WHAT IS EXPECTED = In the entries that follow, the line with "Signing ceremony at Hoover Dam" opens the range and the line with "<p>Coron was known" closes it; repeat that range exactly, both lines included.

DATA SECTION =
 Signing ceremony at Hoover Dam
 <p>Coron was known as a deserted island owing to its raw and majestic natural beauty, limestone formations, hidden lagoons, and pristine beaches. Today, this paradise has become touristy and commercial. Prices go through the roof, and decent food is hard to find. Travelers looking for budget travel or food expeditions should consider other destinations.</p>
==
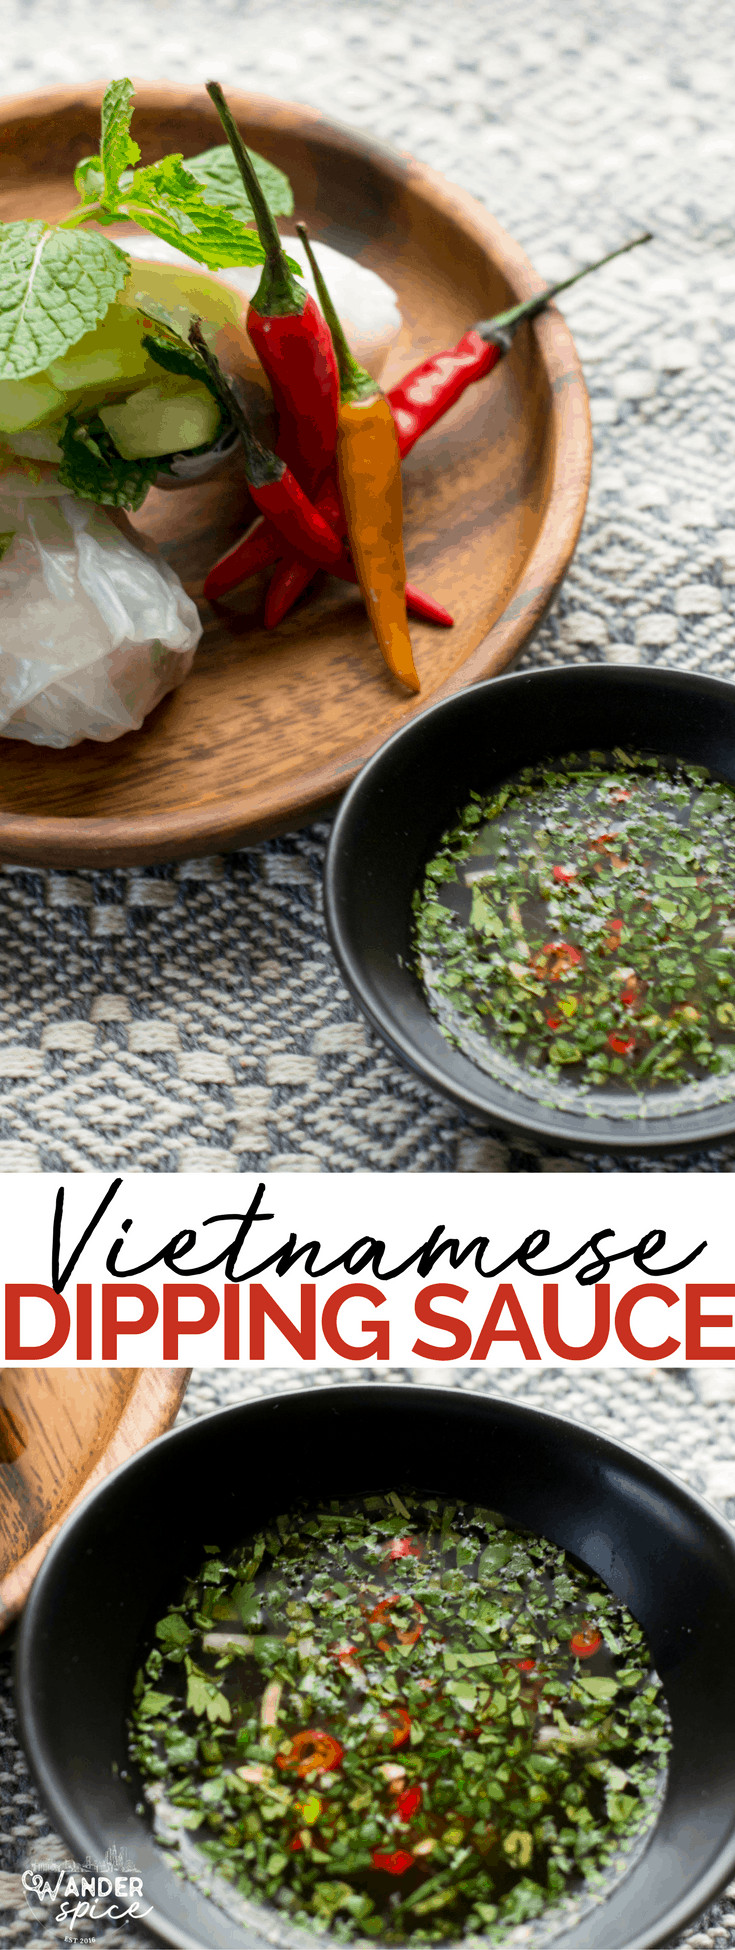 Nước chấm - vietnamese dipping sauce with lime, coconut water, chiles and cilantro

EXERCISE SOLUTION =
 Signing ceremony at Hoover Dam
 <p>Coron was known as a deserted island owing to its raw and majestic natural beauty, limestone formations, hidden lagoons, and pristine beaches. Today, this paradise has become touristy and commercial. Prices go through the roof, and decent food is hard to find. Travelers looking for budget travel or food expeditions should consider other destinations.</p>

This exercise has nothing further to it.